Exercise prompt: Print all of the data exactly, but drop the pictures.

Available data:
◇ ◇ ◇ ◇ ◇ ◇ ◇
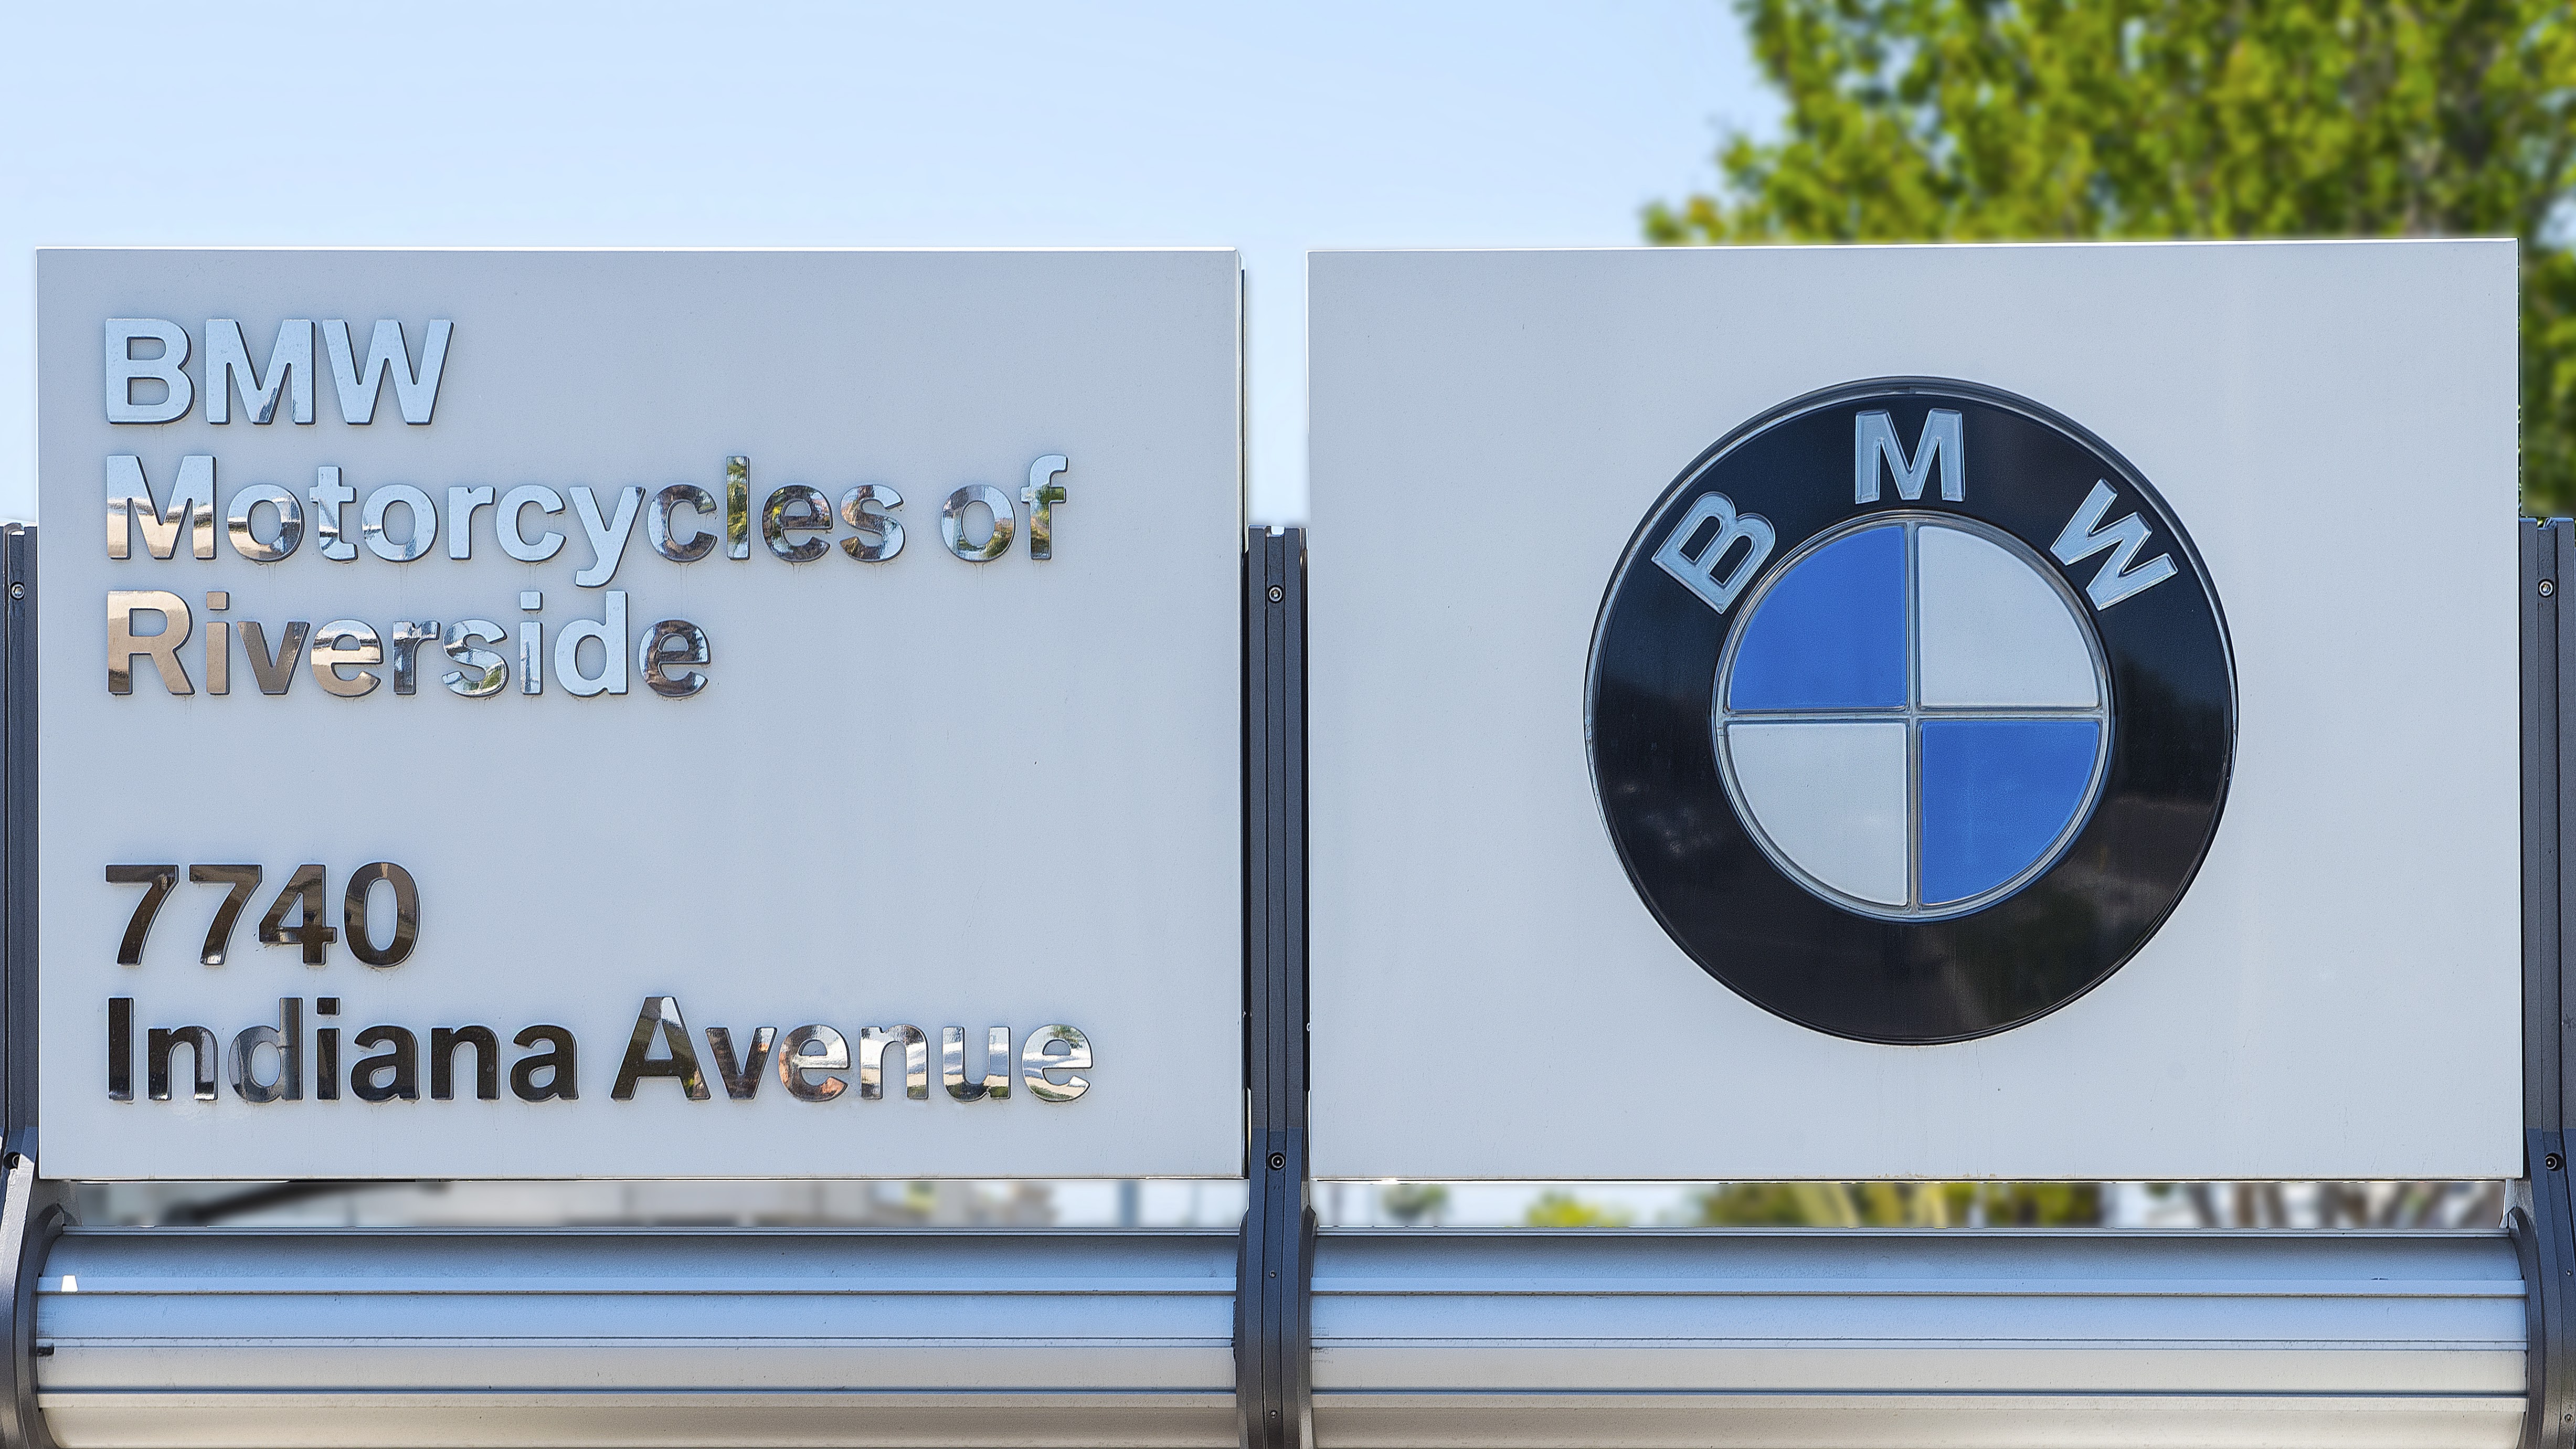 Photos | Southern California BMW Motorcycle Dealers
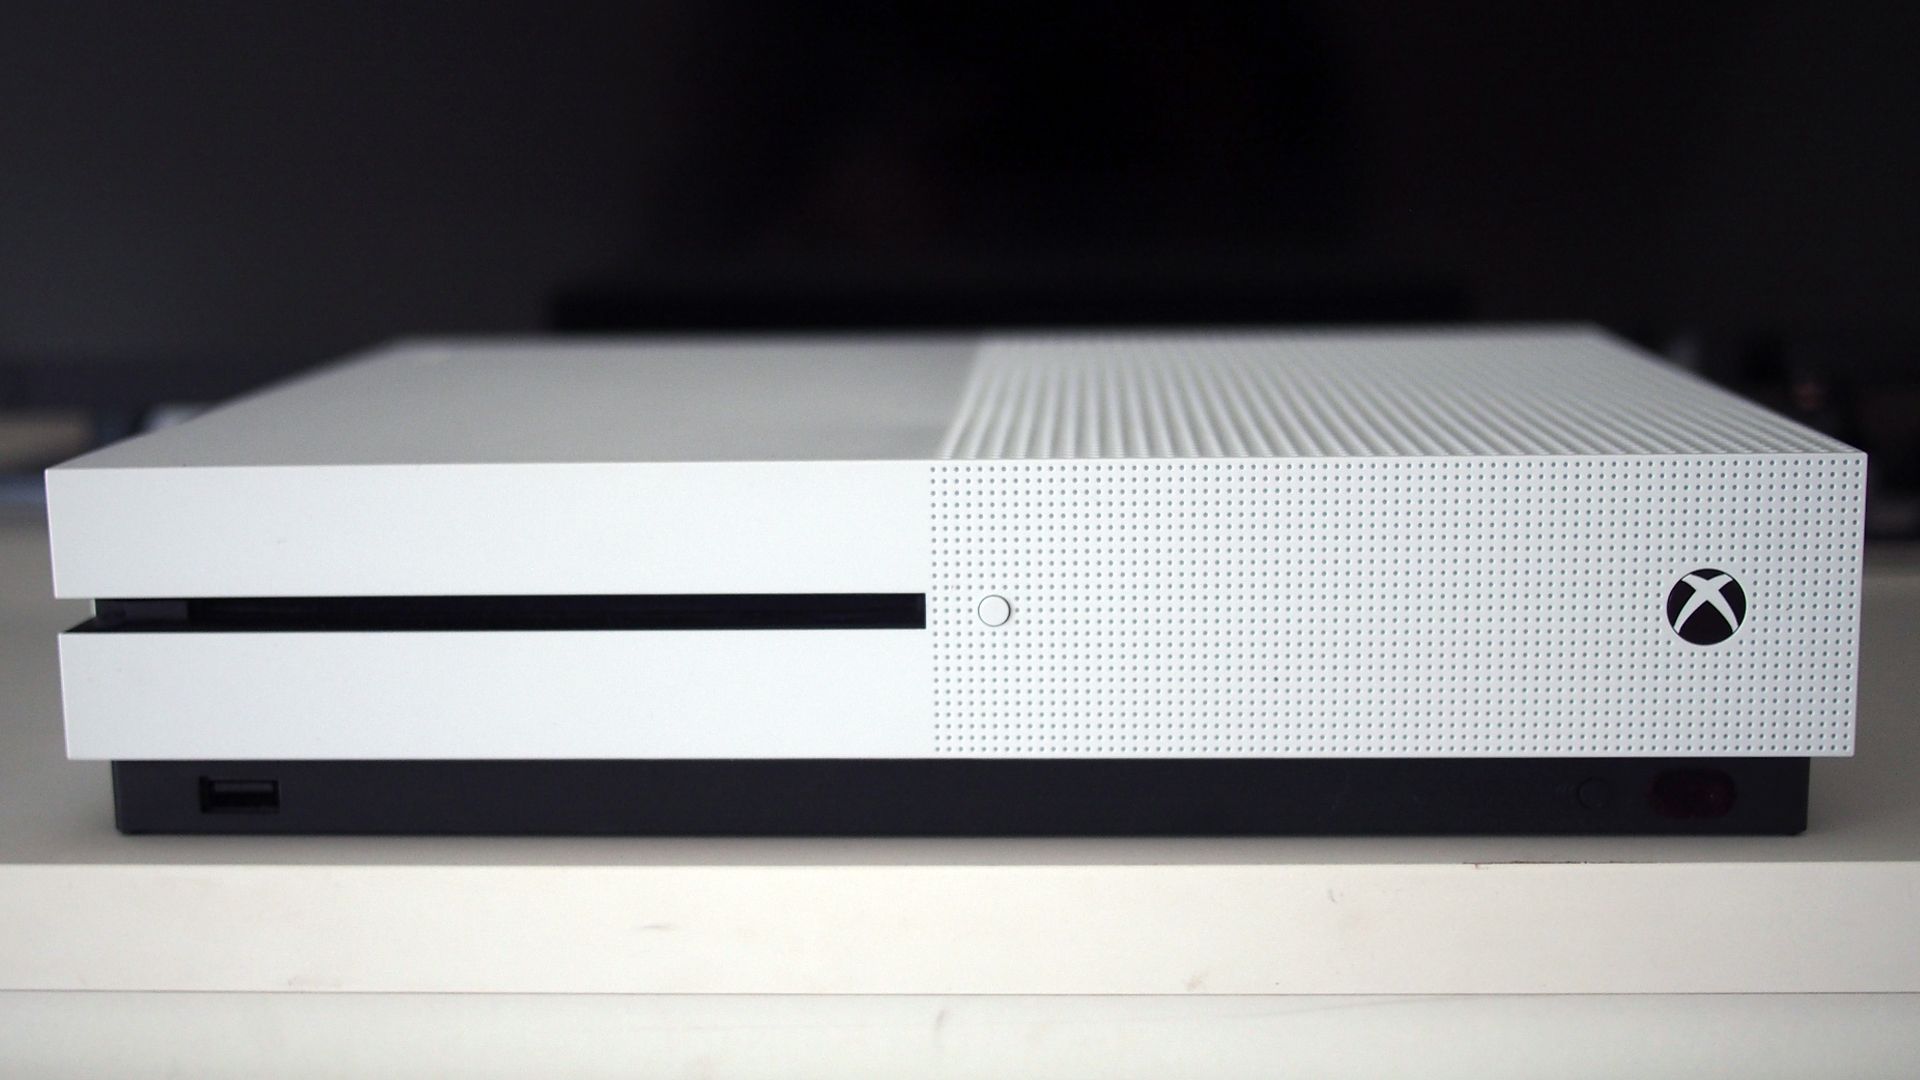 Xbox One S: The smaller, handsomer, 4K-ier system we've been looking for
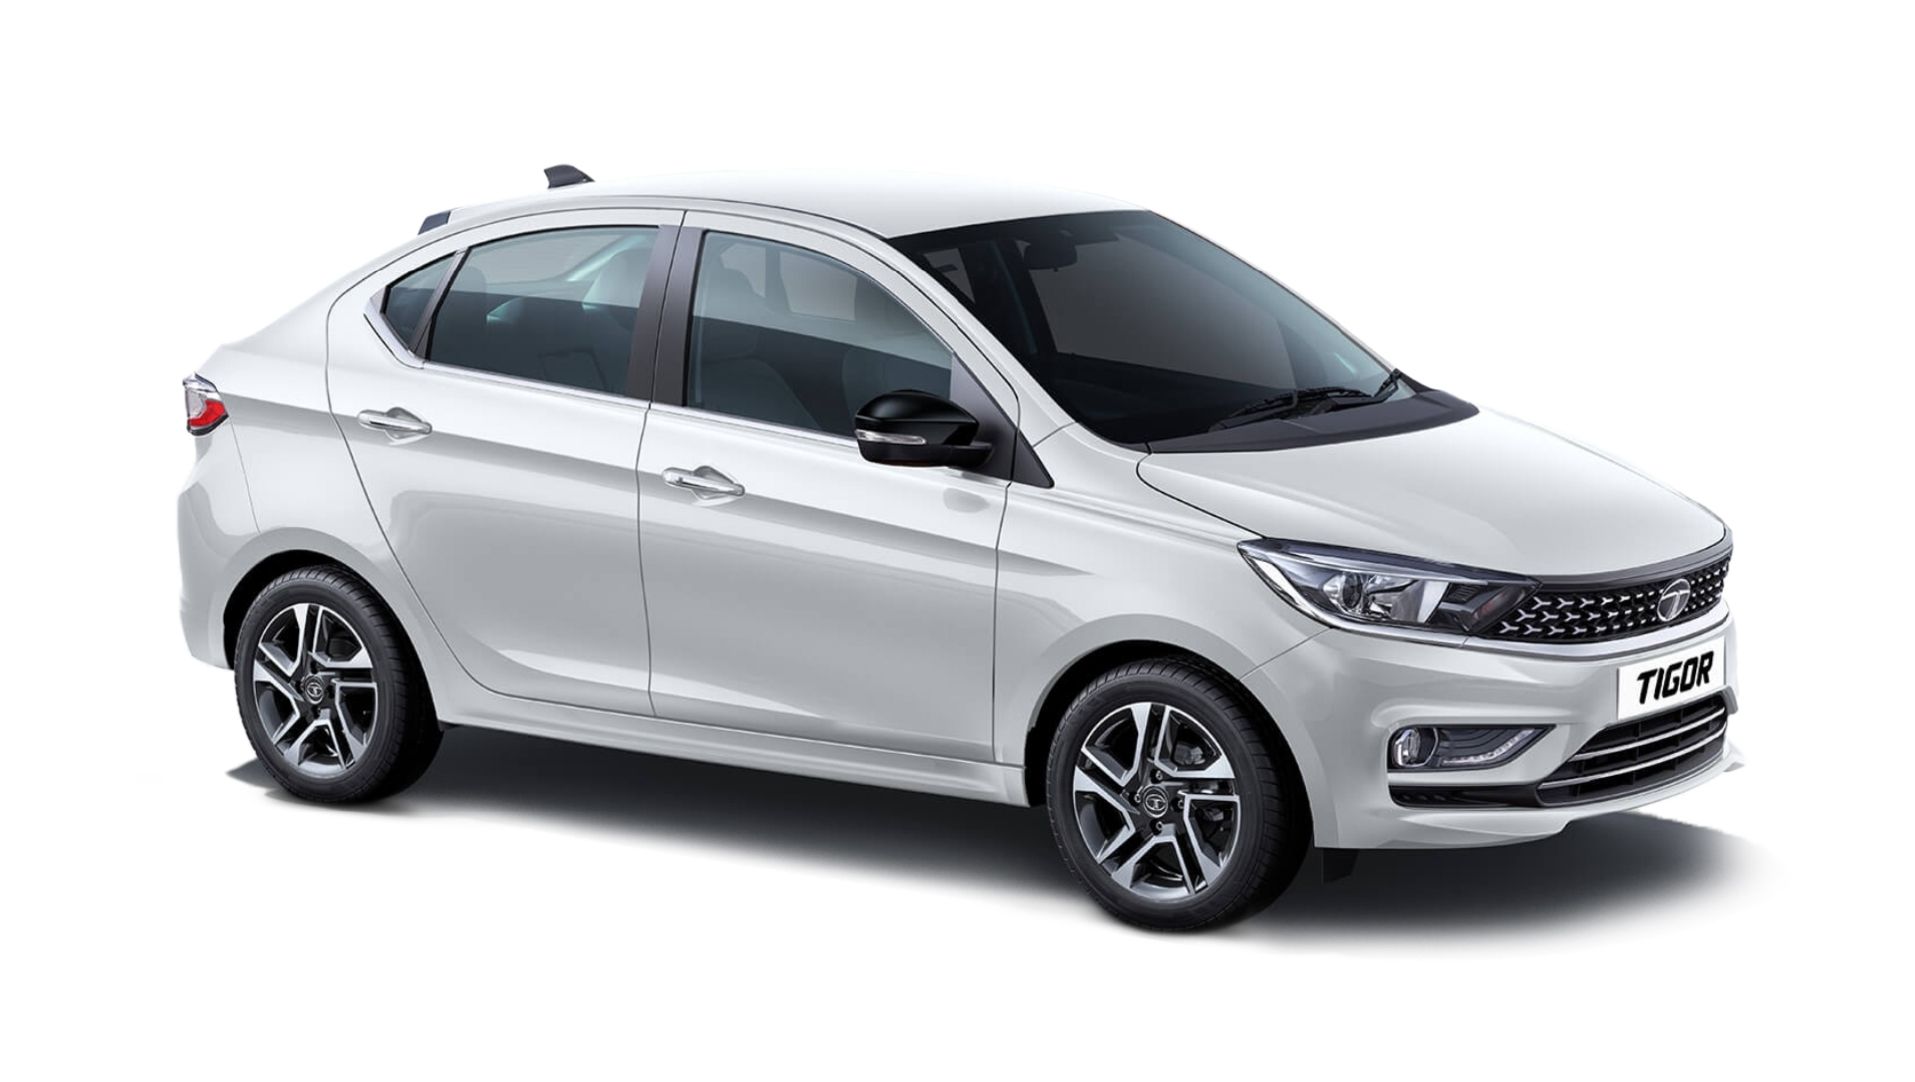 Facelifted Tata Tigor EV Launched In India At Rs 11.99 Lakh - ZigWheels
◇ ◇ ◇ ◇ ◇ ◇ ◇
Reply to the task:
 Photos | Southern California BMW Motorcycle Dealers
 Xbox One S: The smaller, handsomer, 4K-ier system we've been looking for
 Facelifted Tata Tigor EV Launched In India At Rs 11.99 Lakh - ZigWheels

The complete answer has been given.